A month after seven church leaders were arrested, interrogated and released on bail, police in Sudan detained and questioned another church leader in Omdurman on Friday (Sept. 22), sources said.
Elder Mahjoub Abotrin of the Sudanese Church of Christ (SCOC) was arrested from his home in Omdurman, across the Nile River from Khartoum, and was interrogated before he was released. It was not clear if he was charged with any offense, but sources said that he was arrested because of his refusal to hand over SCOC leadership to government-appointed leadership.
The current leadership expires on March 2018. The SCOC constitution calls for a general assembly every three years to appoint church leaders.
Rev. Kwa Shamaal (also transliterated Kuwa Shamaal), SCOC head of missions, confirmed the arrest of Abotrin to Morning Star News.
"We cannot allow them [government-appointed committee members] to take over the church," Shamaal said.
On Aug. 23 seven church leaders were arrested, jailed for six hours and interrogated for refusing to comply with a government order to hand over church leadership to the government's committee. The leaders were released on bail after authorities told them to comply with the government order, which they roundly rejected.
Shamaal and the Rev. Ayoub Mattan, SCOC moderator, were among the church leaders arrested. Pastor Shamaal was previously arrested on Dec. 18, 2015 and acquitted on Jan. 2 this year of charges ranging from spying to inciting hatred against the government.
Pastors Mattan, Shamaal and the others are still members of the legitimate executive committee of the SCOC.
Another SCOC pastor, the Rev. Hassan Abdelrahim Tawor, had received a 12-year sentence earlier this year after being charged with spying and trying to tarnish Sudan's image, but he was freedalong with Abdulmonem Abdumawla of Darfur on May 11 after receiving a presidential pardon.
He had been arrested along with Pastor Shamaal in December 2015. They were convicted on baseless charges of assisting Czech aid worker Petr Jasek - pardoned and released on Feb. 25 - in alleged espionage, causing hatred among communities and spreading false information, according to their attorney.
Foreign diplomats and international rights activists took notice of the case after Morning Star News broke the story of the arrest of pastors Abdelrahim Tawor and Shamaal. Their arrests were seen as part of a recent upsurge in harassment of Christians.
Most SCOC members have roots among the ethnic Nuba in the Nuba Mountains of Sudan's South Kordofan state, where the government is fighting an insurgency. The Nuba along with other Christians in Sudan face discrimination and harassment, as Sudanese President Omar Al-Bashir has vowed to introduce a stricter version of sharia (Islamic law) and recognize only Islamic culture and Arabic language.

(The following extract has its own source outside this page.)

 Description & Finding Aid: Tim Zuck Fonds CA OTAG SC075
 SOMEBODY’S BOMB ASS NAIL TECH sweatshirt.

In its campaign to rid the country of Christianity, Sudan has designated 25 church buildings for destruction, and on Aug. 2 it demolished a Baptist church in Omdurman. On May 7 Khartoum state authorities in Sudan demolished a church building in the Khartoum suburb of Soba al Aradi, which began as a refugee camp for south Sudanese. A bulldozer sent by Jebel Aulia locality and the Ministry of Planning and Urban Development destroyed the SCOC building.
Authorities had notified church leaders of the impending demolition just a week prior. The government reportedly claimed the churches were built on land zoned for residential or other uses, or were on government land, but church leaders said it is part of wider crack-down on Christianity.
Harassment, arrests and persecution of Christians have intensified since the secession of South Sudan in July 2011. The Sudanese Minister of Guidance and Endowments announced in April 2013 that no new licenses would be granted for building new churches in Sudan, citing a decrease in the South Sudanese population.
Sudan since 2012 has expelled foreign Christians and bulldozed church buildings on the pretext that they belonged to South Sudanese. Besides raiding Christian bookstores and arresting Christians, authorities threatened to kill South Sudanese Christians who do not leave or cooperate with them in their effort to find other Christians.
Sudan fought a civil war with the south Sudanese from 1983 to 2005, and in June 2011, shortly before the secession of South Sudan the following month, the government began fighting a rebel group in the Nuba Mountains that has its roots in South Sudan.
Due to its treatment of Christians and other human rights violations, Sudan has been designated a Country of Particular Concern by the U.S. State Department since 1999, and the U.S. Commission on International Religious Freedom recommended the country remain on the list in its 2017 report.
Sudan ranked fifth on Christian support organization Open Doors' 2017 World Watch List of countries where Christians face most persecution.